Юлиан улёгся на спину и теперь следил за тем, как меж потолочных балок мечутся размытые тени сидящих за столами.
– Да, единственный наследник рода. Усадьба в пригороде столицы. Почти законченный университет. Перед ним все дороги открыты – отец позаботится. Гуляй и бед не знай. А он, тупица, собирает вещички, пишет прощальное послание и исчезает в неизвестном направлении… Короче, у меня почти всё, как и у тебя! – Юлиан заложил руки за голову и усмехнулся – раз не суждено выспаться, отчего бы ни поболтать. – Я же уже рассказывал.
– Ещё расскажи, интересно ведь. Не у каждого такая жизнь была.
– Хм, интересно… Сам знаешь, нашли меня, пусть и не сразу. Целый год довелось пожить вольной жизнью! Я тогда в Северном уделе обитал. Бродяжничал, подрабатывал, где придётся – землекопом, углежогом, а если везло, то писцом у какого-нибудь купчишки. Пару месяцев сидел на одном месте, потом срывался, забрасывал мешок с пожитками за спину и уходил, куда глаза глядят. Как сейчас помню, весна была. Вишня цвела – страсть! Все сады в белом пуху стояли. Приехал ко мне отец. Уж не знаю, как он меня выследил, может я кому-то из знакомых семьи на глаза попался, а тот и послал весточку. Словом, свалился он мне как снег на голову. Уговаривал вернуться. Дескать, мать от переживаний вся больная сделалась. Ругался. Чуть у нас до драки не дошло. Потом заплакал. Но всё без толку… Когда он уезжал, я с ним письмо матери отправил и ещё писать обещал. Не помню, когда уж последний раз отсылал.
– Они, небось, волнуются.
– Мать жалко. Она у меня хотя и строгая, но добрая. Постарела наверно… Дальше пошло у меня, как у многих в таких случаях, по проторенной дорожке. Решил я записаться в солдаты. Решил и записался. А там определили меня в одну далёкую пограничную крепость, где я и пребываю по сей день. Здесь и сказочке конец, а кто слушал, молодец.
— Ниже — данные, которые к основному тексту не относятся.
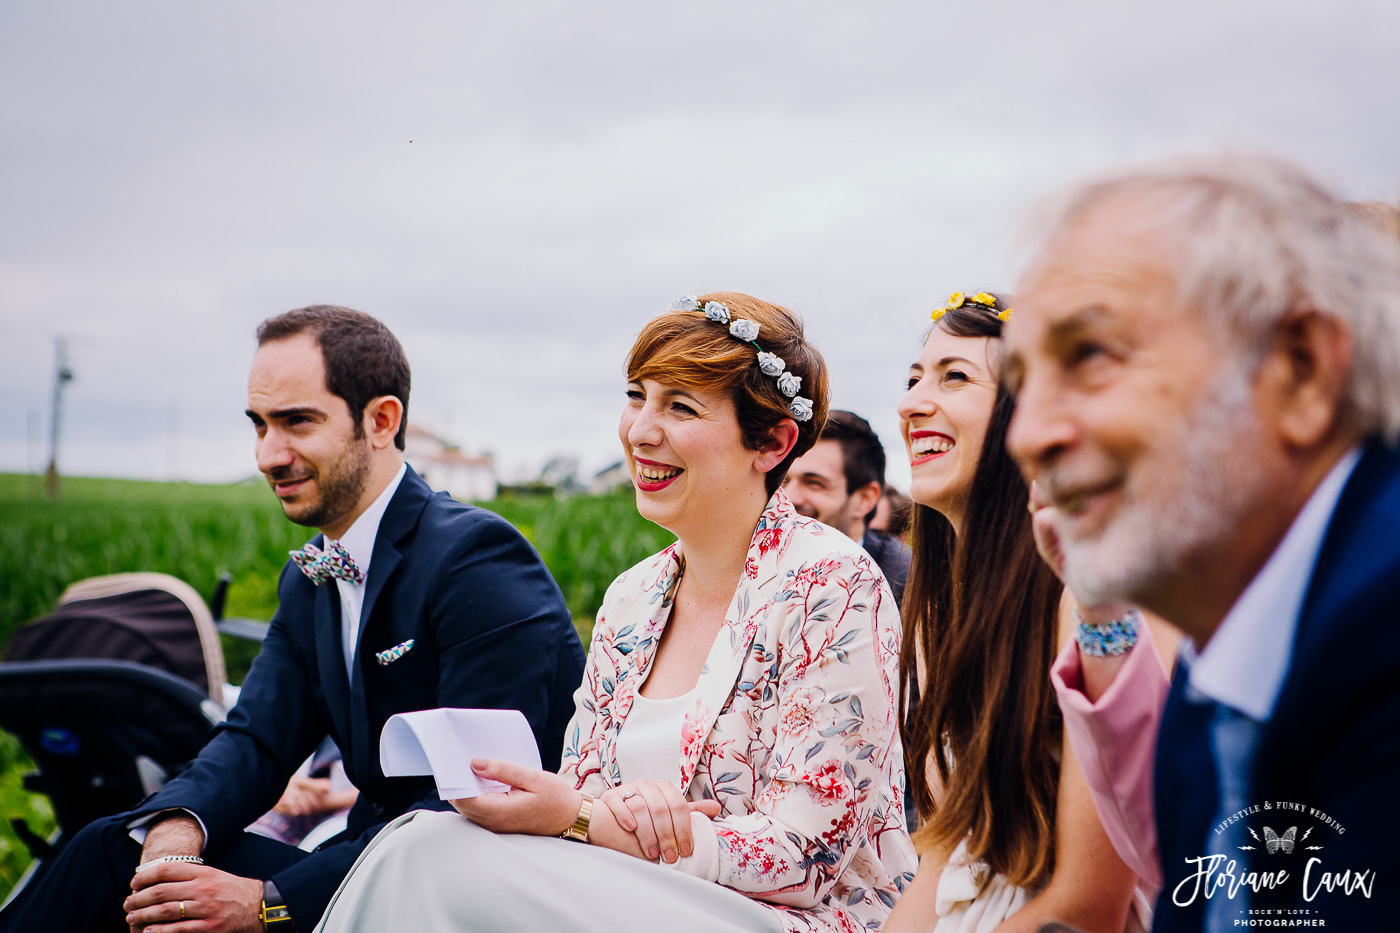 photographe-mariage-pays-basque-Floriane-Caux (27)
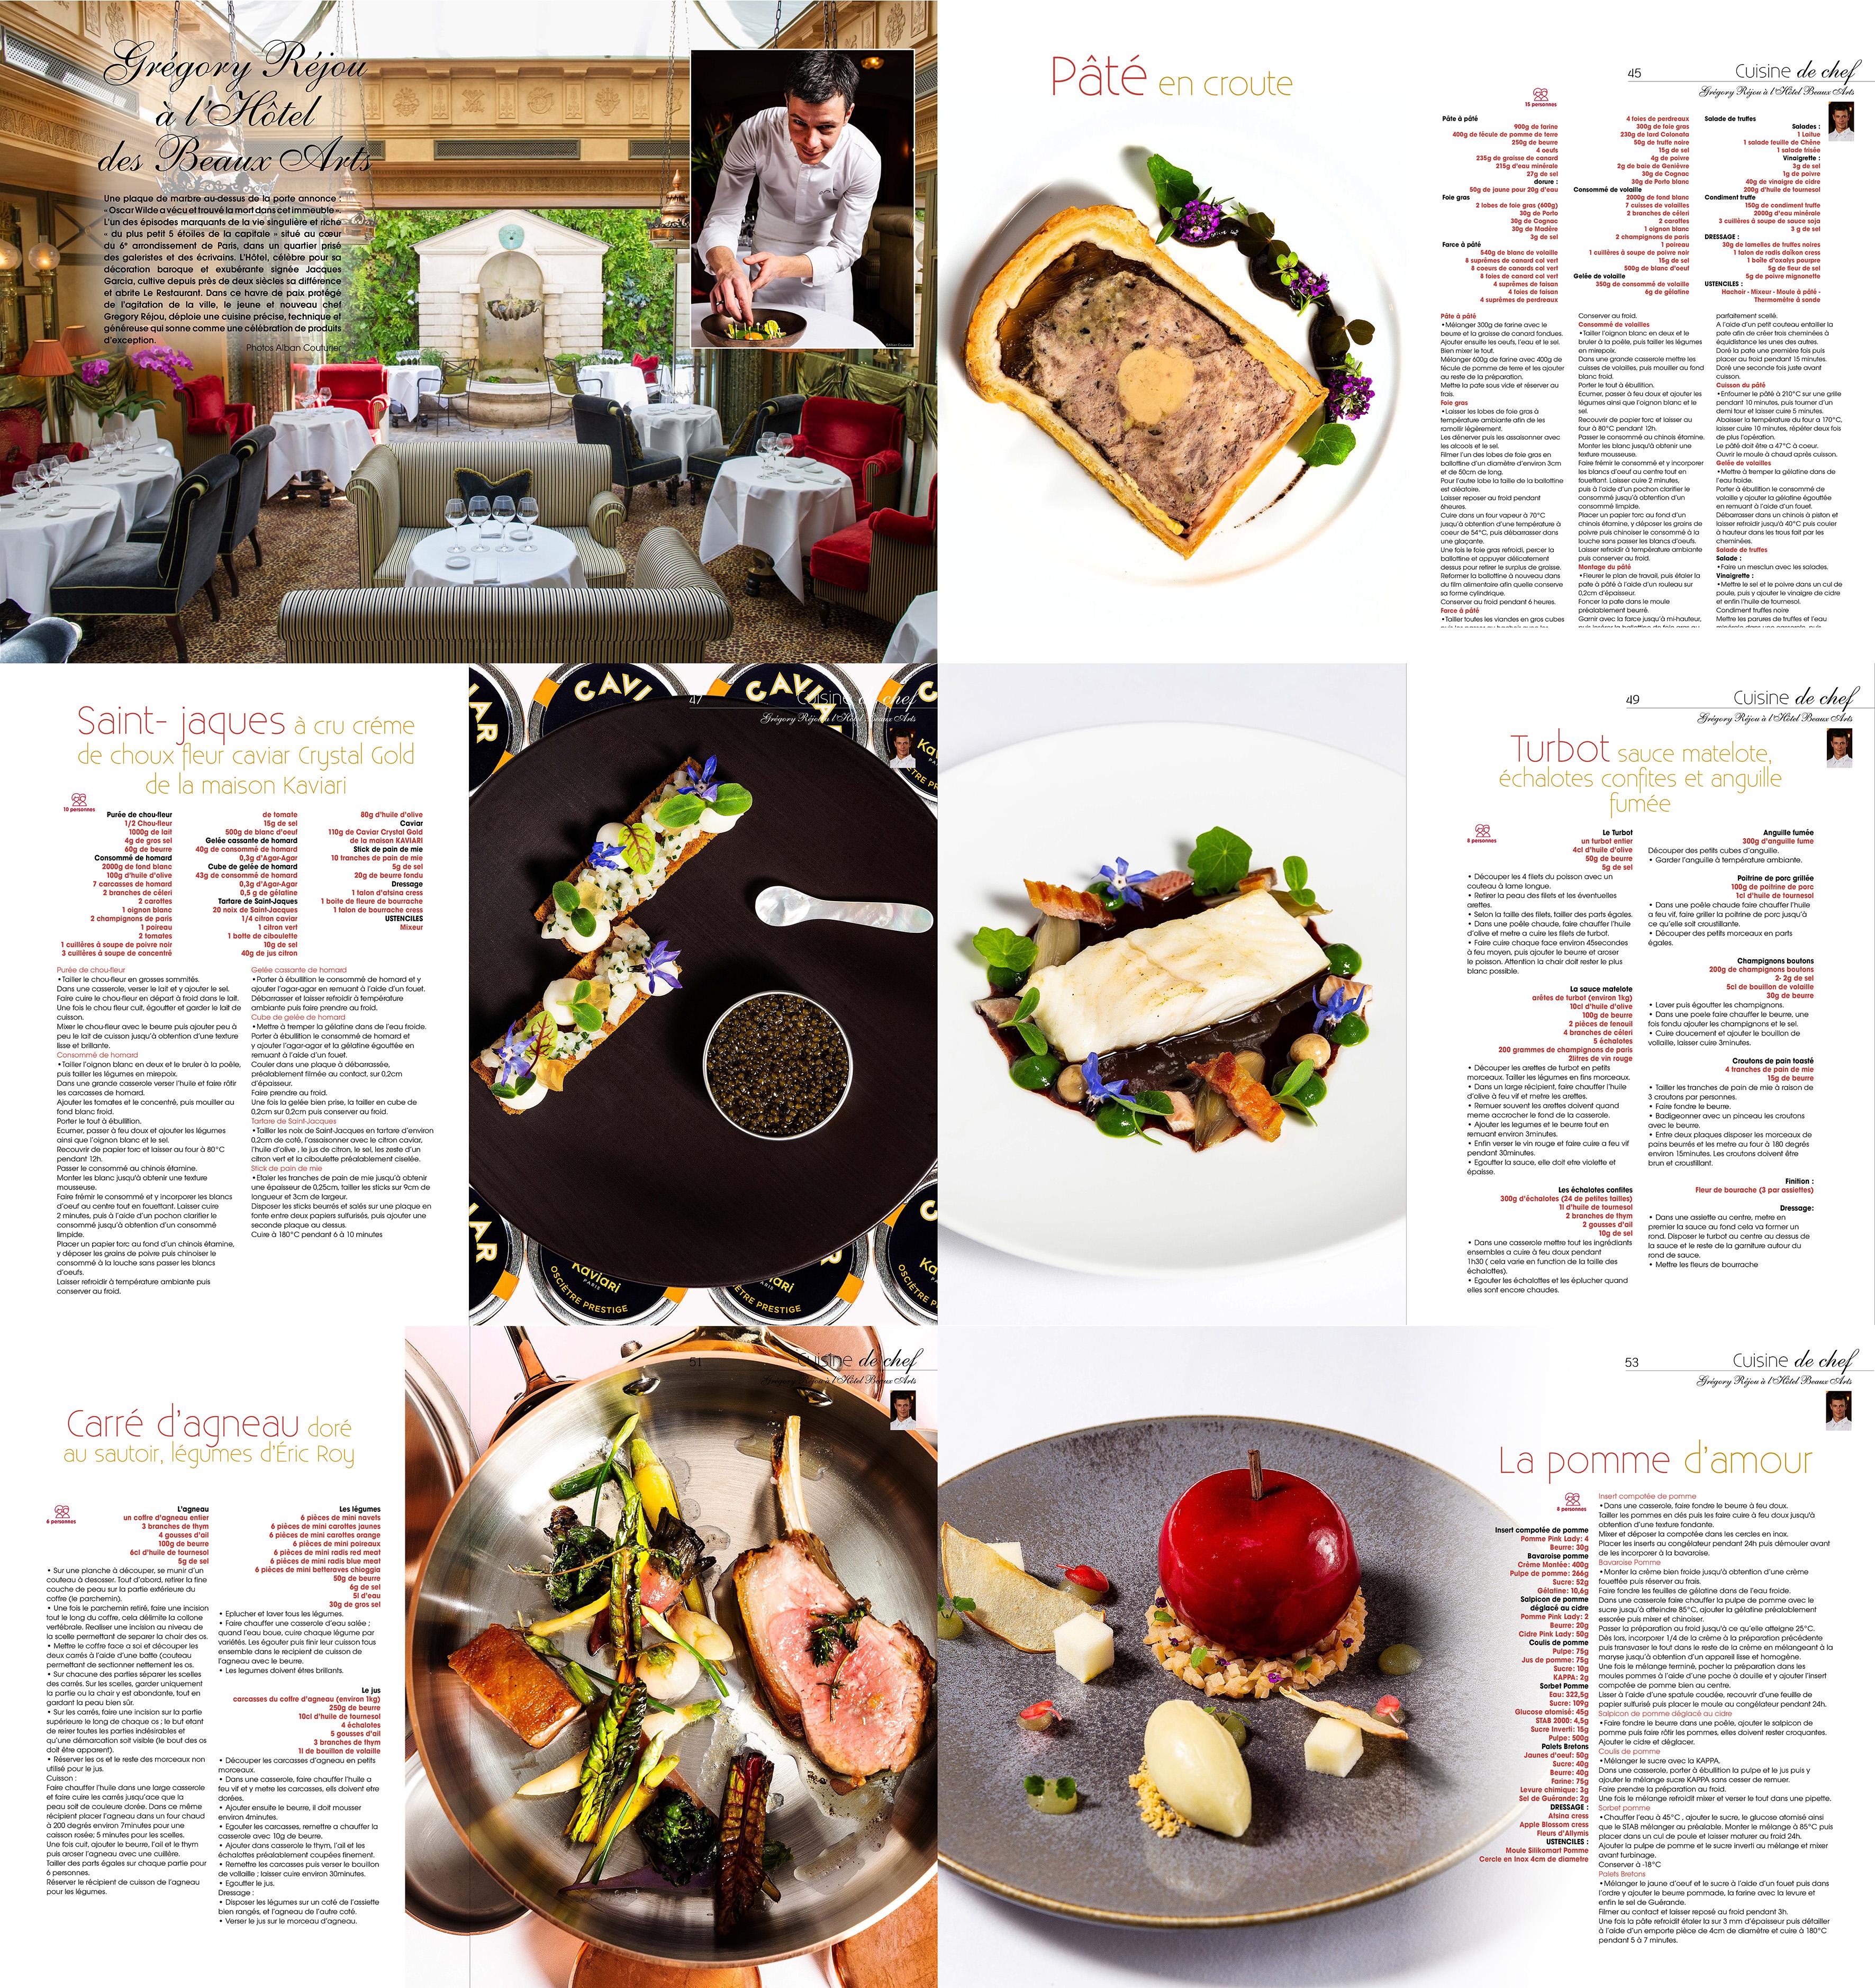 Cuisine A&D mars 2019, Gregry Rejou, chef executif, Hotel, rue des beaux arts, Paris , ©aAlban Couturier

– Дурак ты, Юлик, ох и дурак, – почесав макушку, подвёл итог всей истории Лопух. – Бросил бы ты эту службу да воротился к родне в столицу, жить в своё удовольствие. И меня бы с собой взял по старой дружбе. Попросишь прощенья, тебя примут с распростёртыми объятиями. Скажешь, не так будет?
Юлиан дёрнулся, аж привстав на локте.
– Не могу я вернуться, Лопуша! Пойми. Нет мне там жизни. Одни обязательства. А я их терпеть не могу. Тошнит меня от них. Вот какая незадача.
Откинувшись обратно, он снова уставился в потолок.
– Не хочу я всю жизнь вести дела, как отец. Не хочу планировать, не хочу встречаться с нужными людьми. И ломать себя не хочу. Мне здесь, на Стене, лучше. Здесь хотя бы знаешь, что есть какой-то смысл, а не одна… пустодневность.
На соседней койке тяжко вздохнули:
– А есть ли он, этот смысл?
Гуляки между тем начали расходиться. За столами в жёлтом круге остались сидеть всего двое, самых стойких. Булькающий смех Хряка ни с чьим иным спутать было нельзя. Приятели спали в конце прохода, так что их разговору никто не мешал.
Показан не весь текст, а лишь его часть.